手のひらの汗は、暑いときにかく汗とはまったく別の仕組みで出ています。手掌は温熱刺激では発汗せず、睡眠中には発汗が止まる。体温調節をつかさどる中枢とは別の系統に支配されているためです。だから「暑くもないのに手だけ濡れる」という現象が起こります。
この記事では、日本皮膚科学会の「原発性局所多汗症診療ガイドライン2023年改訂版」(PDF)をもとに、手掌多汗症の仕組みから重症度の測り方、治療の順序までを整理します。あわせて、検索でよく見かける「レベル」という表現が何を指しているのかもはっきりさせます。
手掌多汗症とは
ガイドラインは、頭部・顔面、手掌、足底、腋窩に、温熱や精神的な負荷の有無にかかわらず日常生活に支障をきたすほどの大量の発汗が生じる状態を原発性局所多汗症と定義しています。そのうち手のひらに生じるものが手掌多汗症です。
臨床像としては、手のひらに精神的緊張により多量の発汗を認める病的状態で、重症例では、したたり落ちる程度の多汗がみられます。手足は絶えず湿っていて冷たく、紫色調を帯びることがあります。これは発汗神経の活動とともに血管運動神経の活動も亢進しており、汗による気化熱と血管収縮によって皮膚温が低下するためと考えられています。

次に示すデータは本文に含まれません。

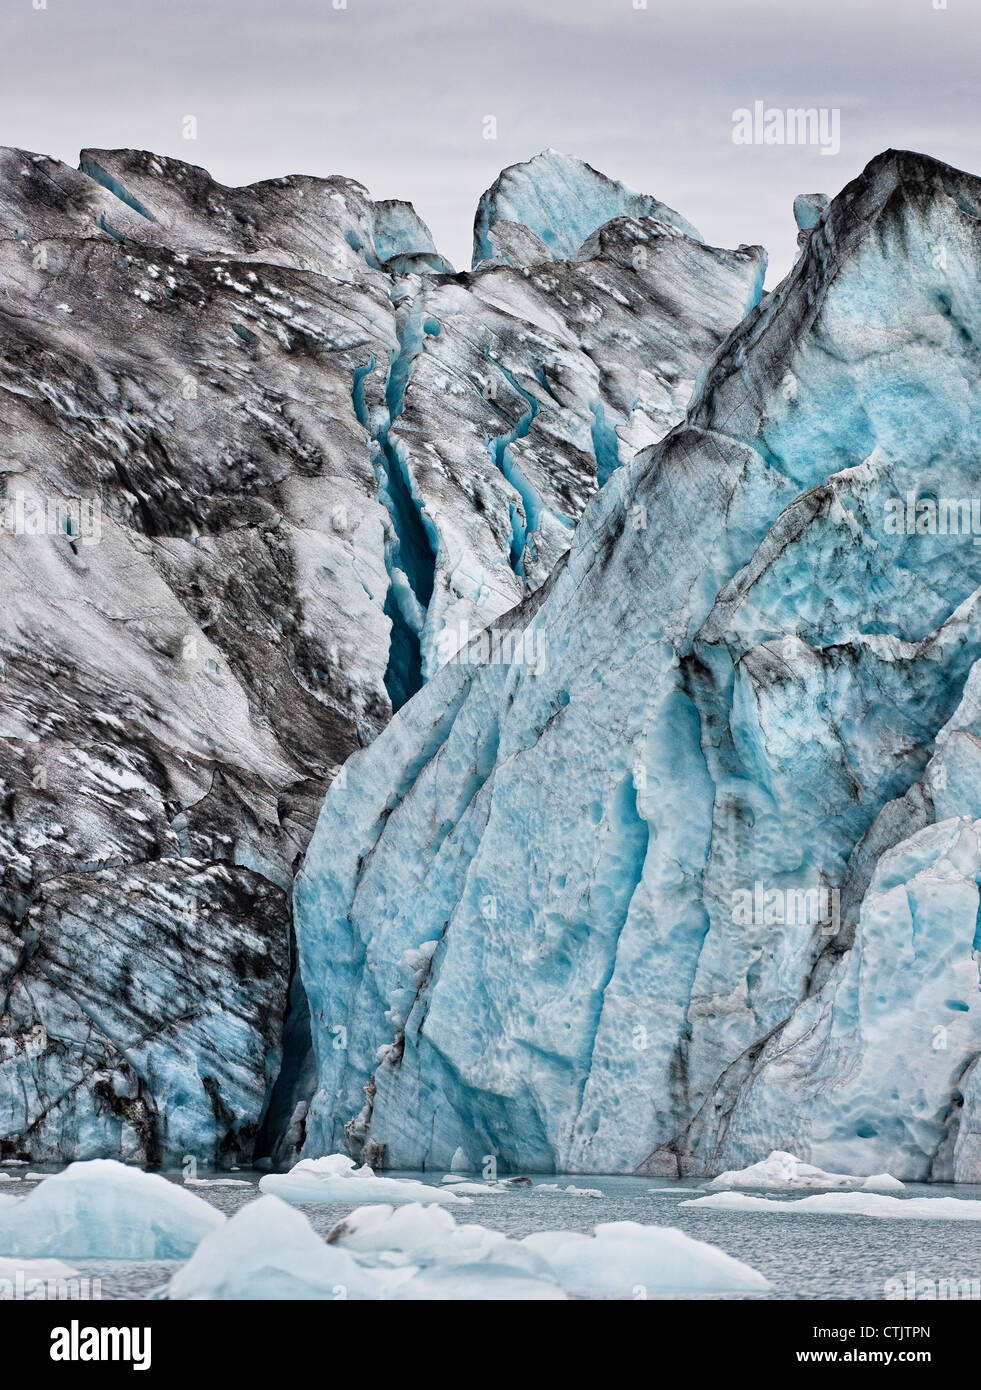 Murs de glace- Jokulsarlon Glacial Lagoon, Breidarmerkurjokull glacier Vatnajokull, glacière, à l'Islande Banque D'Images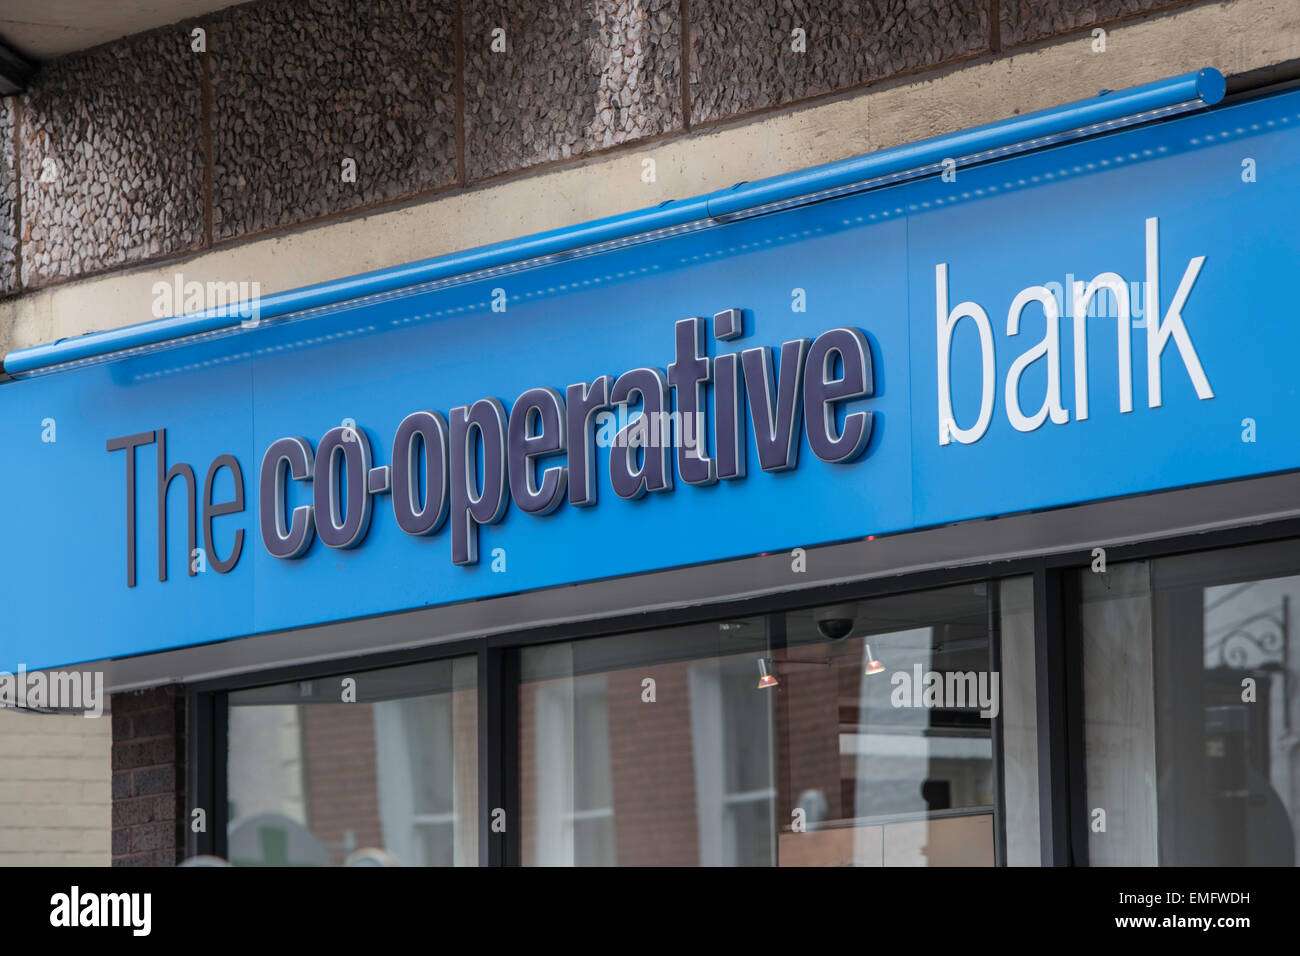 La cooperativa bancaria High street branch, Inglaterra, Reino Unido. Foto de stock

長時間湿潤した皮膚は汗疹を生じやすく、表皮が浸軟して剥げ落ちます。さらに真菌や細菌、ウイルスの感染を起こしやすいため、足白癬や尋常性疣贅(いぼ)を合併することがあります。
手足の汗は「滑り止め」が起源
なぜ緊張すると手に汗をかくのか。ガイドラインは発生学的な説明を与えています。
手掌・足底の発汗は、発生学的にはマウスやイヌ、ネコの足裏の肉球における発汗と同一のものです。動物の足裏の汗は、敵から逃げるときや高いところに飛び移るときの「滑り止め」の役割を持っています。ヒトでは暗算、恐怖、痛み、不安といった精神的な負荷や、深呼吸、触刺激で誘発されるため、精神性発汗と呼ばれます。
この汗は体温調節とは無関係です。手掌・足底は温熱刺激では発汗せず、睡眠で発汗が消失することから、視床下部の体温調節中枢とは別の中枢に支配されていると考えられています。精神性発汗の中枢としては、扁桃体、前部帯状回、大脳基底核、縫線核の関与が指摘されています。
この精神性発汗中枢への入力刺激に対して、病的に持続的な多量発汗が生じる場合に原発性手掌多汗症と診断されます。ガイドラインは、手掌・足底の多汗症が青年期までに発症し、しばしば多汗症の家族歴があることから、遺伝的に生じた発汗系交感神経の病的な過活動と考えられるとしています。近年は家族歴のある多汗症の報告があり、患者の一部には何らかの遺伝子の関与も背景にあると考えられています。
発汗量には日内変動と季節変動がある
手掌の発汗量は一定ではありません。ガイドラインによれば、日中の覚醒時に発汗が多く、大脳皮質の活動が低下する睡眠中は発汗が停止します。季節では、冬季の皮膚血流量が低下する時期に発汗量は減少し、夏季の皮膚血流量が増加する時期に増える傾向があります。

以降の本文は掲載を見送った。